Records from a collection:
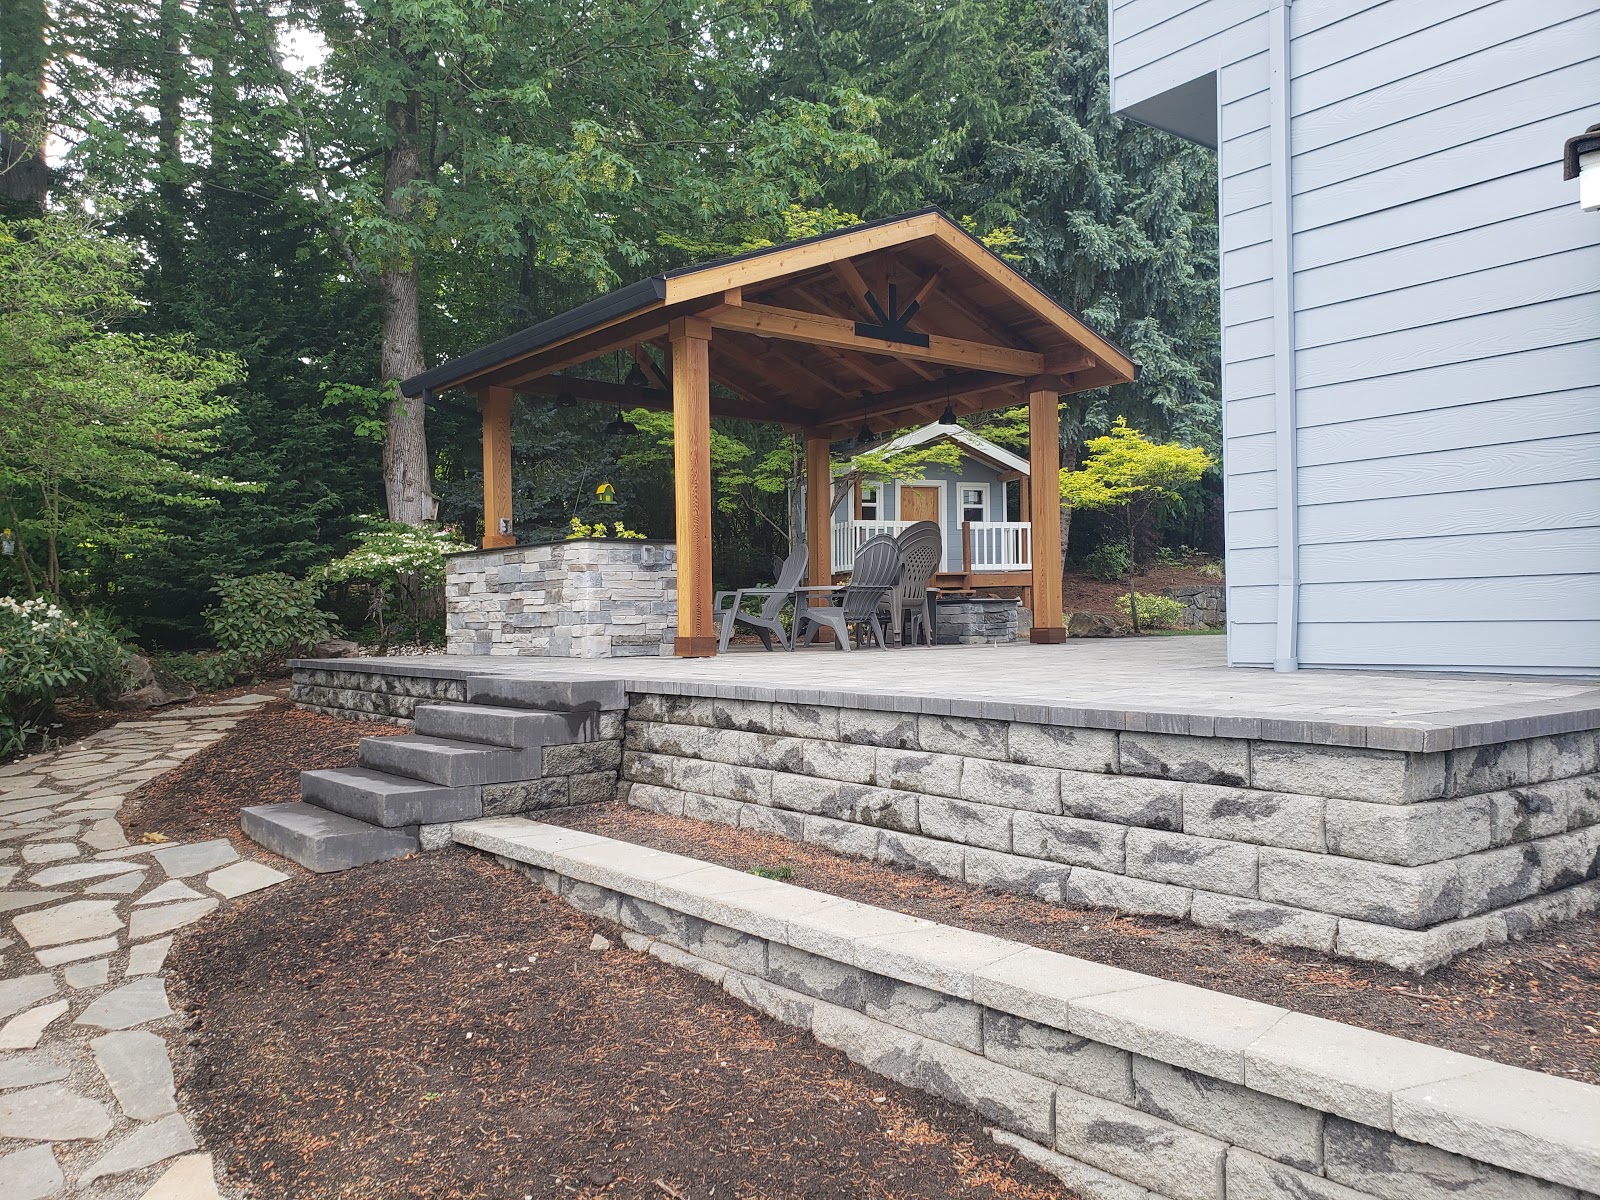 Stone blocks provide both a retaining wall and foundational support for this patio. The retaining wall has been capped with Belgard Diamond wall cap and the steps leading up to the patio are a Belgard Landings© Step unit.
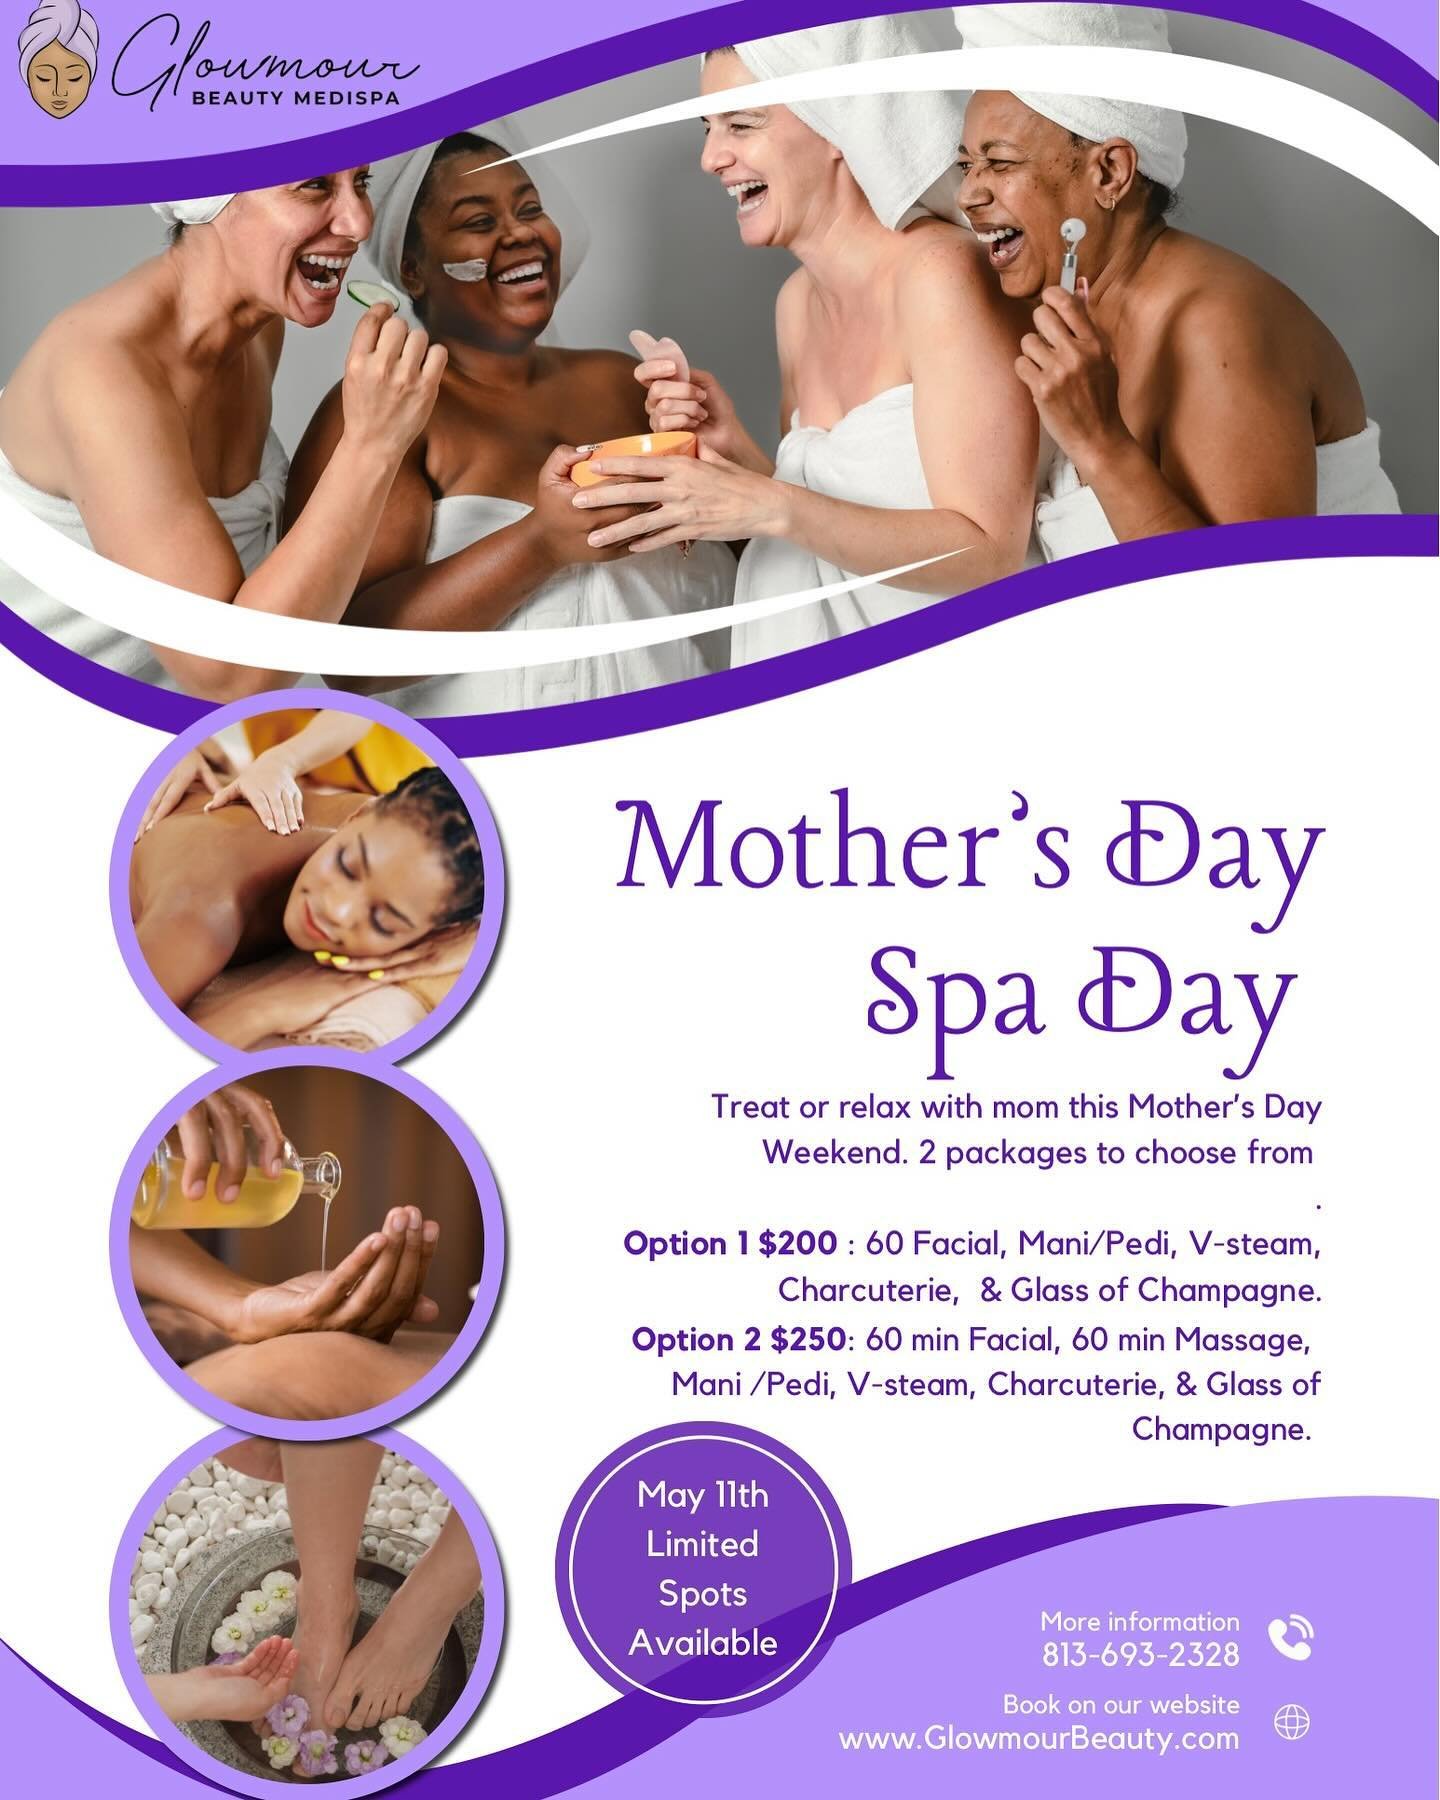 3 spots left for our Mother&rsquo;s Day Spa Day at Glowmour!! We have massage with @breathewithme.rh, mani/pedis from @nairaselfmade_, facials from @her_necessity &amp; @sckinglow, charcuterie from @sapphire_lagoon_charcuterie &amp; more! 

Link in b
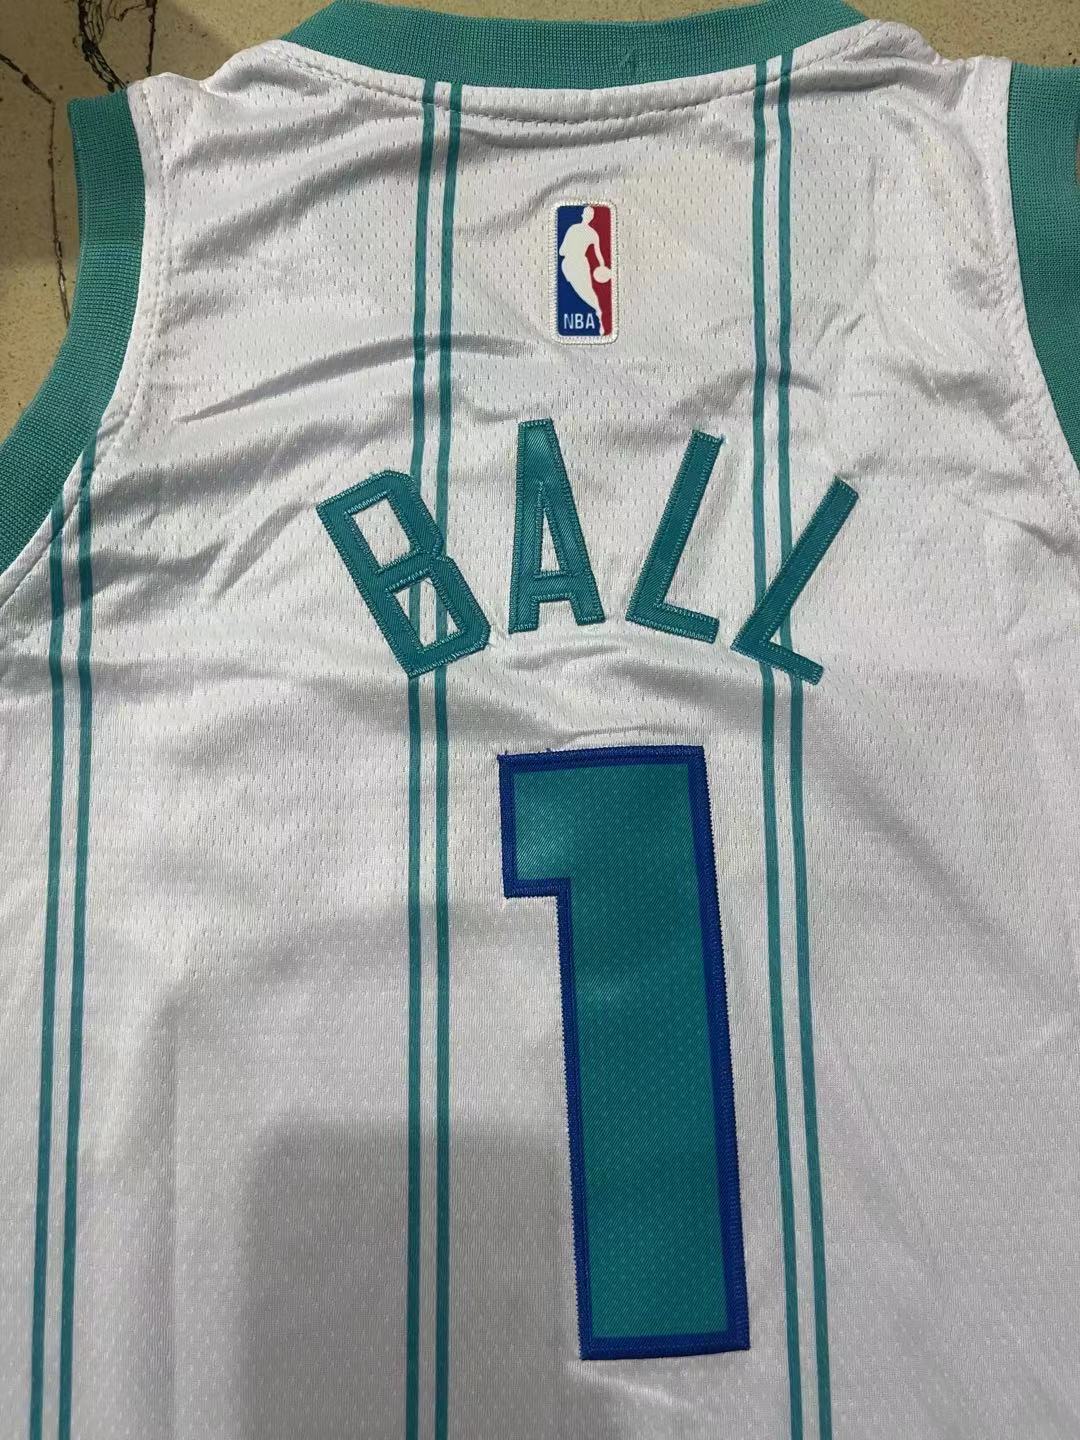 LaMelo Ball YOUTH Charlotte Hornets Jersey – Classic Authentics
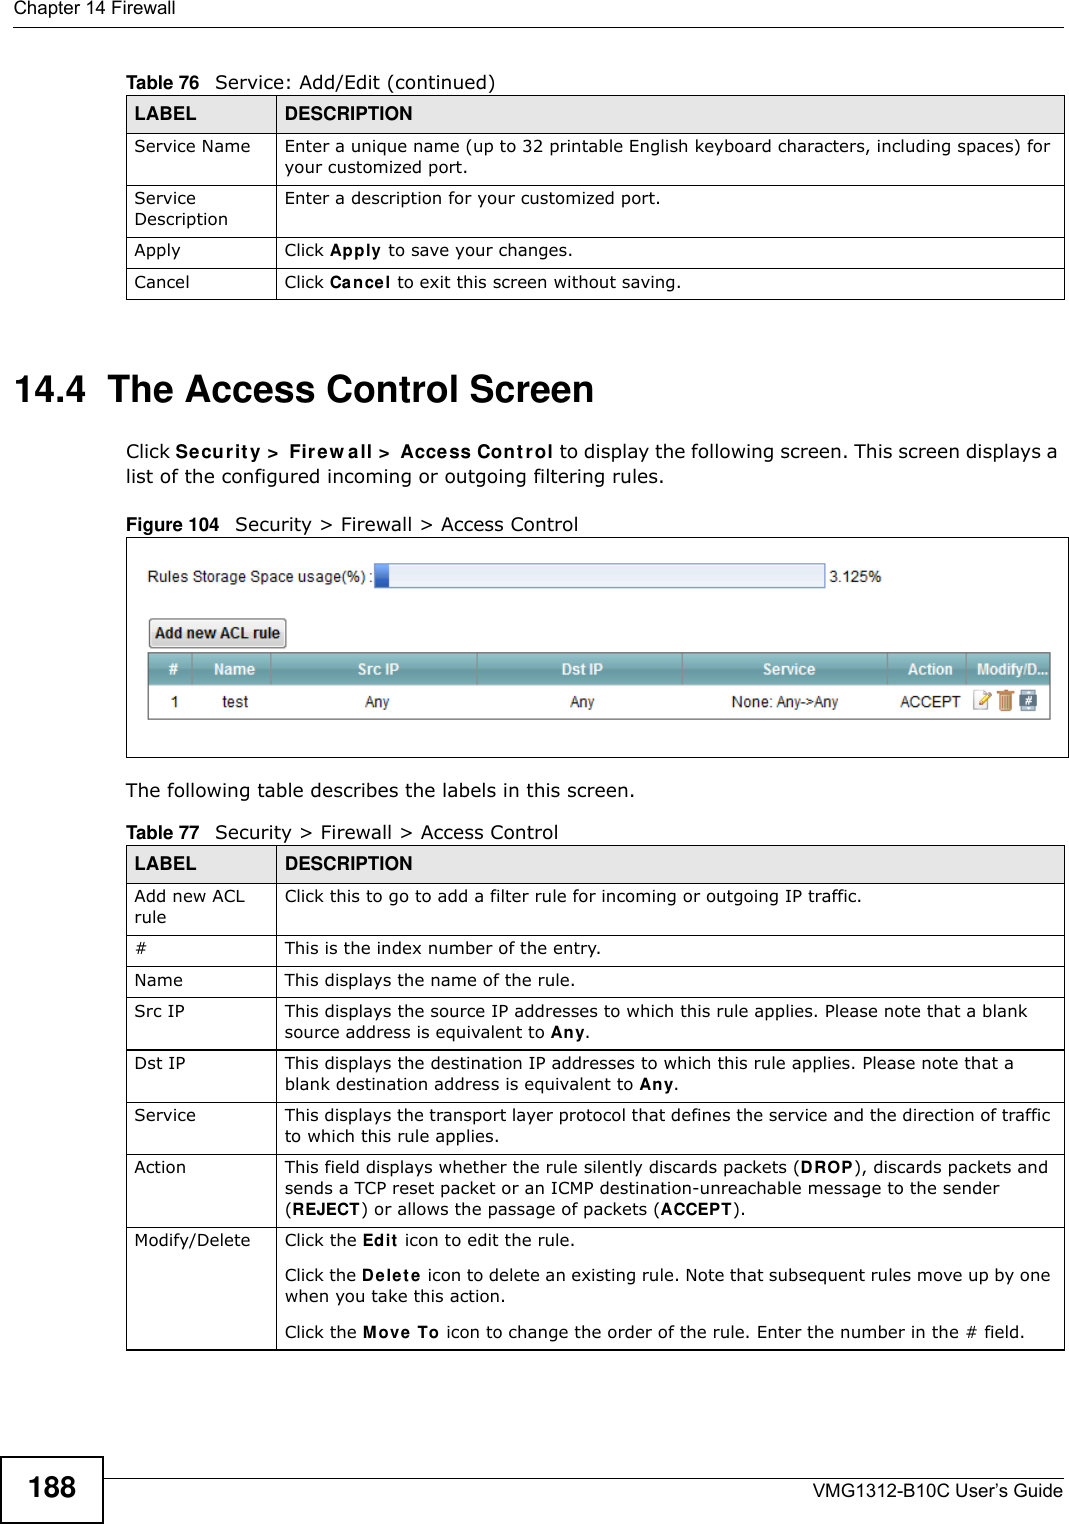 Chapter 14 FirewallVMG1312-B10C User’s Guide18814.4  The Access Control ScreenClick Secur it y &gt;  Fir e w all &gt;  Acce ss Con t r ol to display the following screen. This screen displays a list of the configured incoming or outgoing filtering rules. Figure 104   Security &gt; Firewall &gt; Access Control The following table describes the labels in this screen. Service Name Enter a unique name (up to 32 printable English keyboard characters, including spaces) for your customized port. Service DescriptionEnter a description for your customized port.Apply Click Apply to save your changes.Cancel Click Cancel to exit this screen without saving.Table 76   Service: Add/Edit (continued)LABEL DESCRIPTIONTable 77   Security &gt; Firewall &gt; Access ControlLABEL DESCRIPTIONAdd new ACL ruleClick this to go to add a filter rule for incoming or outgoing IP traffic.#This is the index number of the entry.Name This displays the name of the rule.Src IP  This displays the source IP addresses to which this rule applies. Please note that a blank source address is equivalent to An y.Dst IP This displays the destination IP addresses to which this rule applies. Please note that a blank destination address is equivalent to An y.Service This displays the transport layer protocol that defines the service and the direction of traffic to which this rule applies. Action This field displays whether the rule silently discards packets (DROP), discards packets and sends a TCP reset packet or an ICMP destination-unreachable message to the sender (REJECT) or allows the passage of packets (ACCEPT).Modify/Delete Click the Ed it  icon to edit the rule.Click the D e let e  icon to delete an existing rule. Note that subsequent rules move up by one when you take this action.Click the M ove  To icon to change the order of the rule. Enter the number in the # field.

_Exercise instructions_
Write out exactly the opening lines of the data, stopping after the line that holds "LaMelo Ball YOUTH". Exclude pictures.

_Output below_
 Stone blocks provide both a retaining wall and foundational support for this patio. The retaining wall has been capped with Belgard Diamond wall cap and the steps leading up to the patio are a Belgard Landings© Step unit.
 3 spots left for our Mother&rsquo;s Day Spa Day at Glowmour!! We have massage with @breathewithme.rh, mani/pedis from @nairaselfmade_, facials from @her_necessity &amp; @sckinglow, charcuterie from @sapphire_lagoon_charcuterie &amp; more! 

Link in b
 LaMelo Ball YOUTH Charlotte Hornets Jersey – Classic Authentics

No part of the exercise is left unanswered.